Data from: Integrating quantitative morphological and qualitative molecular methods to analyze soil nematode community responses to plant range expansion

1. Belowground nematodes are important for soil functioning, as they are ubiquitous and operate at various trophic levels in the soil food web. However, morphological nematode community analysis is time consuming and requires ample training. qPCR-based nematode identification techniques are well available, but high throughput sequencing (HTS) might be more suitable for non-targeted nematode community analysis. 2. We compared effectiveness of qPCR and HTS-based approaches with morphological nematode identification while examining how climate warming-induced plant range expansion may influence belowground nematode assemblages. We extracted nematodes from soil of Centaurea stoebe and C. jacea populations in Slovenia, where both plant species are native, and Germany, where C. stoebe is range expander and C. jacea is native. Half of each nematode sample was identified morphologically and the other half was analysed using targeted qPCR and a novel HTS approach. 3. HTS produced the highest taxonomic resolution of the nematode community. Nematode taxa abundances correlated between the methods. Therefore, especially relative HTS and relative morphological data revealed nearly identical ecological patterns. All methods showed lower numbers of plant feeding nematodes in rhizosphere soils of C. stoebe compared to C. jacea. However, a profound difference was observed between absolute and relative abundance data; both sampling origin and plant species affected relative abundances of bacterivorous nematodes, whereas there was no effect on absolute abundances. 4. Taken together, as HTS correlates with relative analyses of soil nematode communities, while providing highest taxonomic resolution and sample throughput, we propose a combination of HTS with microscopic counting to supplement important quantitative data on soil nematode communities. This provides the most cost-effective, in-depths methodology to study soil nematode community responses to changes in the environment. This methodology will also be applicable to nematode analyses in aquatic systems.
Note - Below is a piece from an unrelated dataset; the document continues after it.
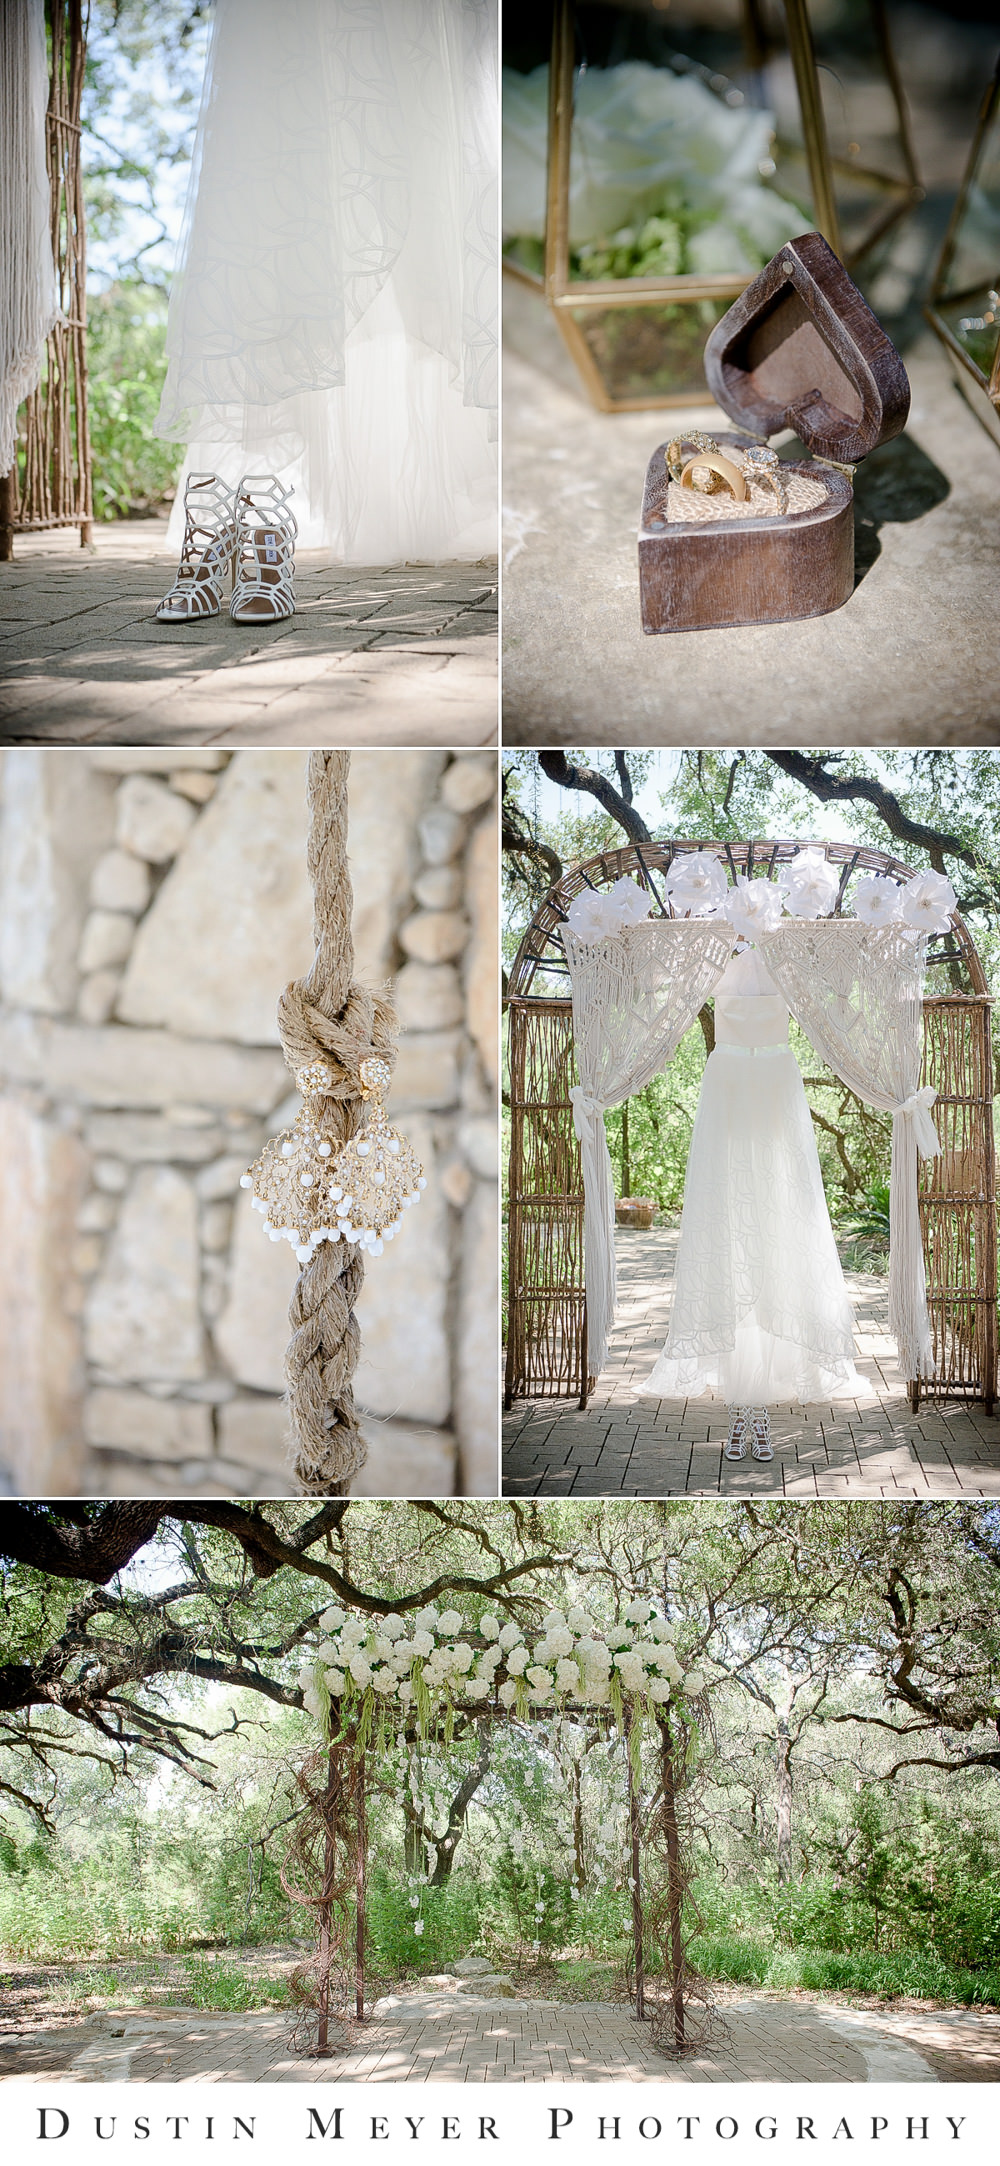 wedding details, wedding rings,  bride shoes, bridal gown, wedding jewelry, wedding earrings, wedding florist

1. 地下线虫广泛分布于土壤食物网的各个营养级，对土壤生态系统功能至关重要。然而，线虫群落的形态学鉴定分析不仅耗时耗力，还需要充足的专业培训。基于实时定量聚合酶链式反应（quantitative PCR, qPCR）的线虫鉴定技术已较为成熟，但高通量测序（High Throughput Sequencing, HTS）或许更适用于非靶向性线虫群落分析。2. 本研究对比了qPCR、HTS与形态学鉴定三种线虫分析方法的有效性，同时探究了气候变暖驱动的植物分布范围扩张如何影响地下线虫群落组成。研究分别从斯洛文尼亚（两种植物均为本土物种）与德国（Centaurea stoebe为分布扩张物种，C. jacea为本土物种）的Centaurea stoebe和C. jacea种群土壤中提取线虫；每份线虫样本均分为两部分，一半进行形态学鉴定，另一半分别采用靶向qPCR与新型HTS方法开展分析。3. HTS在线虫群落的分类学分辨率上表现最优，三种方法得到的线虫类群丰度均具有相关性；其中，HTS相对丰度数据与形态学相对丰度数据所揭示的生态模式几乎完全一致。所有方法均显示，C. stoebe根际土壤中的植食性线虫数量显著低于C. jacea根际土壤。但绝对丰度与相对丰度数据间存在显著差异：采样来源与植物物种均会影响食细菌线虫的相对丰度，却不会对其绝对丰度产生作用。4. 综上，HTS不仅可与土壤线虫群落的相对丰度分析结果高度相关，还能提供最优的分类学分辨率与样本通量；因此本研究提出将HTS与显微计数法相结合，以补充土壤线虫群落的关键定量数据。该方案兼具高性价比与深入解析能力，是探究土壤线虫群落对环境变化响应的最优方法，同时也可应用于水生系统的线虫分析研究。